Cypress mulch is out as no where in this city (Ottawa, Ontario) sells it - only cedar which is a huge no-no. I called every nursery and hardware store within 100km. They can order it but I have to buy a skid, that's a bit much LOL.

Are there any alternatives? I've read mixed reviews of top soils and such, thought it best to ask here,

Thanks!


----------



## Skeetzy (Jul 2, 2013)

Organic top soil, or additive free soil, and play sand. 3 to 1, dirt to sand. I have about 700 lbs of dirt and 300 sand and it works nicely. Make sure you get at least 10" deep or it dries sort of fast. 

Forgot to say, I only spend about $60 for all the dirt and sand.


----------



## Logie_Bear (Jul 2, 2013)

Organic Peat! It is extremely resistant to mold and holds moisture great! I use it in many of my tanks and it's just fabulous (and cheap)!


----------



## Little Wise Owl (Jul 16, 2013)

I use sifted dirt from my backyard mixed with children's play sand. That's about as cheap as it gets.


----------



## Yogamum (Nov 8, 2018)

treysik said:


> Hey folks,
> 
> So I am trying to move away from that packed soil substrate you buy at pet shops for something affordable and that I really don't need to unpack with water.
> 
> ...


I think it’s a Canada thing. Cypress mulch is generally only found in pet stores I had the same problem. I live north of you.


----------



## Trizz1964 (Nov 9, 2018)

Logie_Bear said:


> Organic Peat! It is extremely resistant to mold and holds moisture great! I use it in many of my tanks and it's just fabulous (and cheap)!

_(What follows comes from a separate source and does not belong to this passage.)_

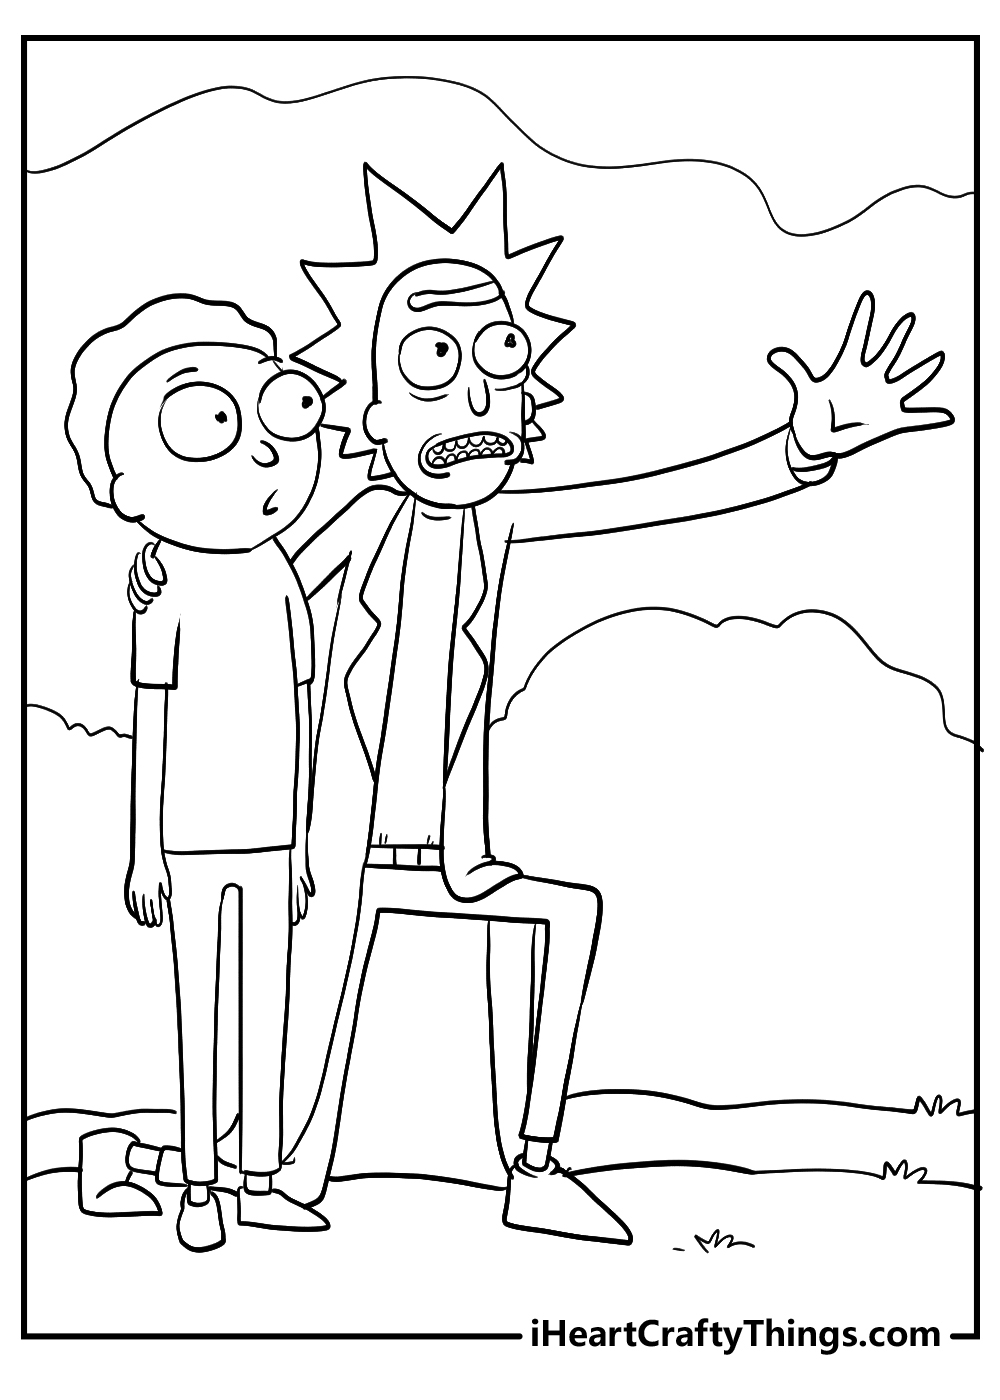 rick and morty coloring sheet free download

i have to agree, purchased a 3.5 cu feet cube from lowes for 9.99 last week to fill my 8x4x4 enclosure with 9 bricks of eco earth and one bag of forest floor from zoo med great stuff..


----------



## Iron Soldier91 (Nov 13, 2018)

treysik said:


> Hey folks,
> 
> So I am trying to move away from that packed soil substrate you buy at pet shops for something affordable and that I really don't need to unpack with water.
> 
> ...


Here in Arizona cypress mulch is very expensive at pet store. To fill a 6x4x4 will cost me $125. So I use organic topsoil, organic peat moss, a bag of sand plus coconut fiber. I kept the topsoil with bag of sand mix in the button n I ad on top a peat moss coconut fiber. I water the substrate very well enough to hold the moist for humidity. Now that winter is approaching, I invested a big bag $7 Walmart a Kiln dried pine dust free. I add a half of bag to start n Tiberius loves it. Keep the humidity above 70% as soon as Tegu start sneezing, the substrate is to dry. The total cost to me $26. Invest a good humidifier. I kept humidifier run in my reptile room all day. Invest a temp gun and digital temp + humidity monitor. I guess I said too much. Good luck.


----------